Anxiety

There was a trend a month or two ago on twitter that asked people to describe anxiety and what it felt like.  My offering was to say that anxiety was like you were a balloon surrounded by sharp knives pointing at you from every direction, that you were afraid of inflating for fear that you would be popped, afraid to move, afraid to fall, and afraid that even if you stayed perfectly still, one of the knives might move closer and pop your balloon.  That was my explanation and I think it describes my experience of anxiety quite well, however there was a detail I didn't mention in the tweet for brevity more than anything, and that is that sometimes, the knives aren't actually there.

Sometimes the threat doesn't actually exist, but you believe it does, and that belief in and of itself is enough to paralyse you in that moment which can last for seconds, or minutes, or even hours at a time.  Sometimes it can even last a lot longer, but I would say at that point the issue is more than just a feeling of anxiousness and would instead conclude that there's something more at play, something deeper that you really should explore with a professional.

I've experienced depression quite a few times in my life, to the point where I actually believe if you have depression it never truly goes away you just have times when you can function and times when you can't.  That might be a biased conclusion since my depression is episodic, it lasts for weeks or months at a time then passes and can be non-existent, the longest period without it lasted several years for me but I have come to accept that it will inevitably return as it always does, the most recent episode began last year and came to an end but when it did it was replaced by a constant state of anxiety that I could not overcome and life got very difficult for me.

I don't know what state of mind I am in right now because I haven't reflected on it in depth, partly because I am scared to do that for what it might uncover, but also partly because relatively speaking I am able to function on some level right now and I need that in order to survive.  The fear of looking at yourself in that mirror and reflecting on everything as you see it laid bare is a fear that is really born in the ego because no physical injury or pain can be caused by doing that but still we feel threatened by it when we are in a vulnerable state of mind.  We need to feel strong in spirit before we can pick ourselves apart and look at what is going on and if needs be to rebuild it in a new image.  That strength is hard to find at the best of times but during periods of depression we have such little strength to accomplish even basic tasks that the idea of devoting energy to something so critical is unfathomable to us.

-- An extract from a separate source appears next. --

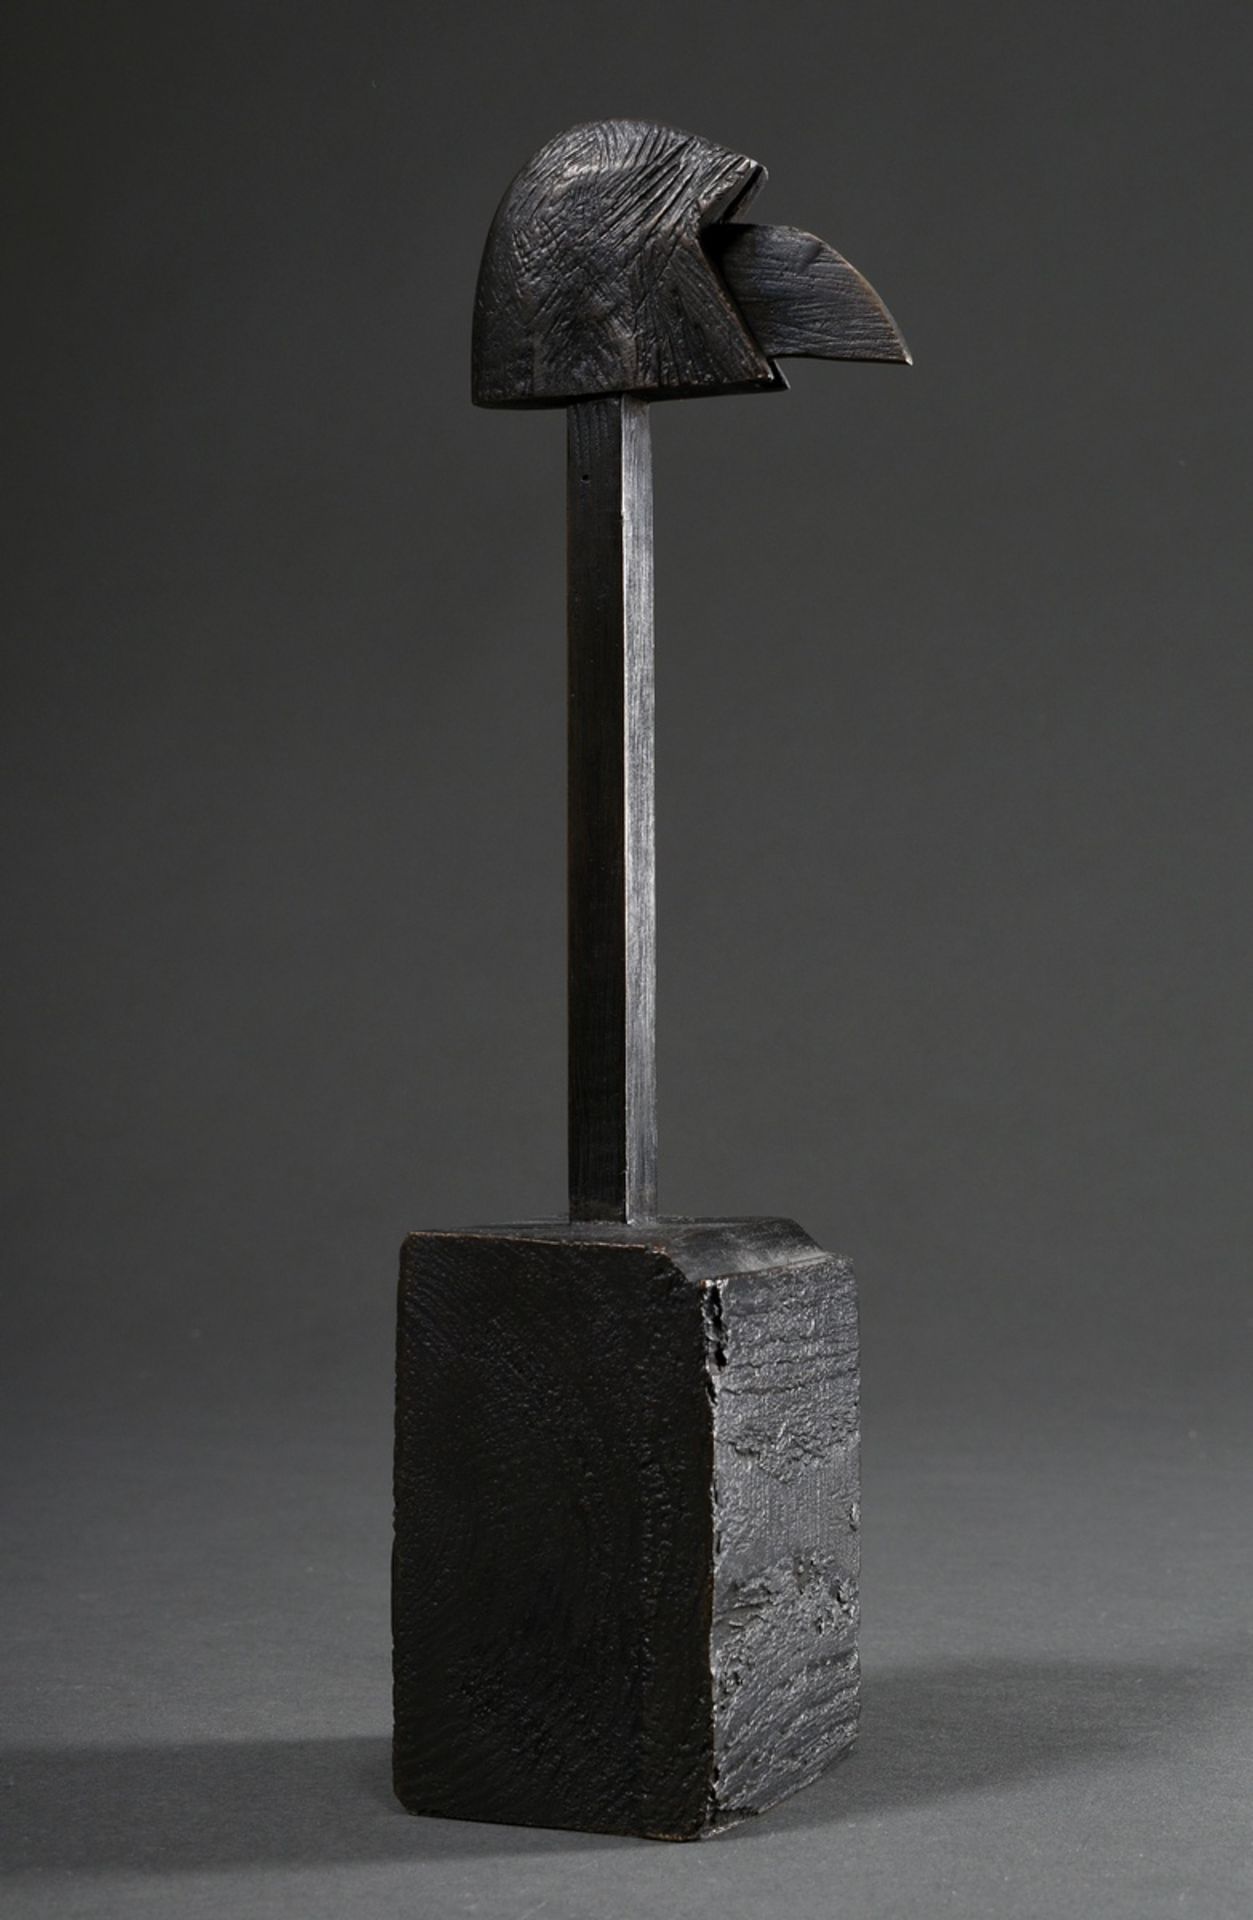 Kriester, Rainer (1935-2002) "Bird's head" 1998, bronze, monogrammed, inside inscribed "WV 981, dat

Whilst the analogy of knifes around a balloon can be quite fitting to describe anxiety, there is another knife that I didn't mention, this one is perhaps the most dangerous of them all, the one that is already inside the balloon, the one that causes the whole thing to pop in that moment of self destruction when we give up and deflate entirely.

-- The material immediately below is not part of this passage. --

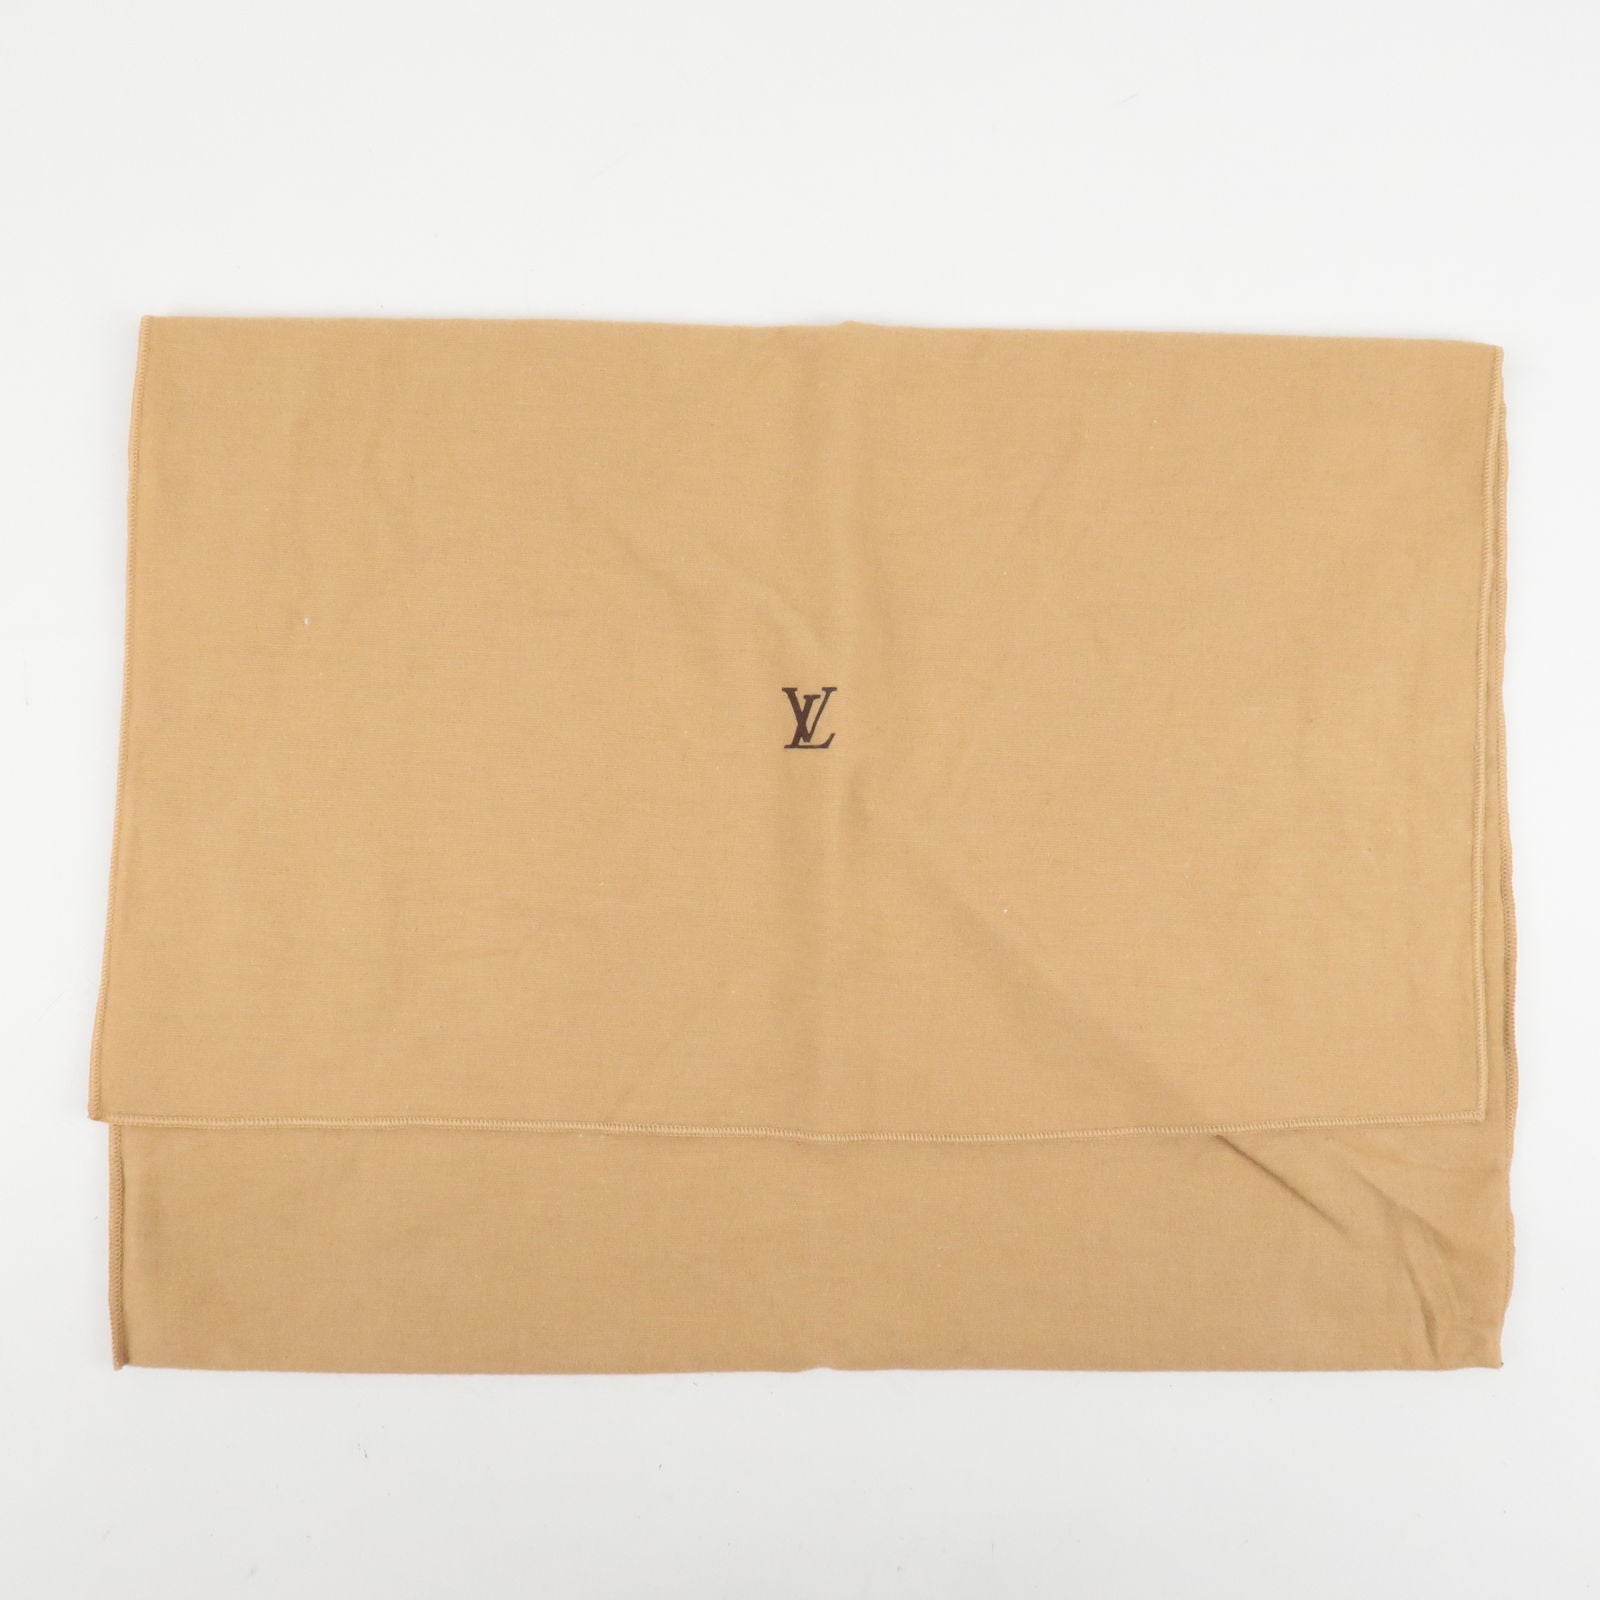 Louis Vuitton, Accessories, Louis Vuitton Empty Boxes Dust Bags Etc

I realise that all of these metaphors are quite dark, but truth be told, anxiety is dark by nature, as is depression, that is perhaps why they often go hand in hand.  Although you can experience one without the other, it is often the case that they lead into each other or that they take turns controlling you, your thoughts, and your energy levels, draining them or diverting them into feelings you don't want to have.

When it comes to breaking the hold these can have over you, as I have said in other posts on this blog that have touched on these concepts, they can pass on their own sometimes but there will be times where they will not end until you get the help you need.  Physiological changes occur when you are in a state of depression and this is also true of anxiety, physical symptoms manifest themselves and when they don't pass on their own you do need to seek professional help.  That can be the last thing you want to do, especially if you experience social anxiety and don't want to have to deal with yet another person who you have to relate the whole experience to with details that you're not even ready to admit to yourself.  Therein lies the catch-22 that I know many people encounter when they experience mental health problems, that you need a professional to help you deal with your problems but you need to be able to present those problems in order to gain access to those professionals.

The lengths we will go to in order to hide what we are going through are often the greatest threat, more danger comes from ignoring the problem than will ever come from admitting it exists, for that admission won't change the fact it exists, whether you admit it or not it's there, it's real, and you're already struggling with it, admitting it exists is the first step to confronting it.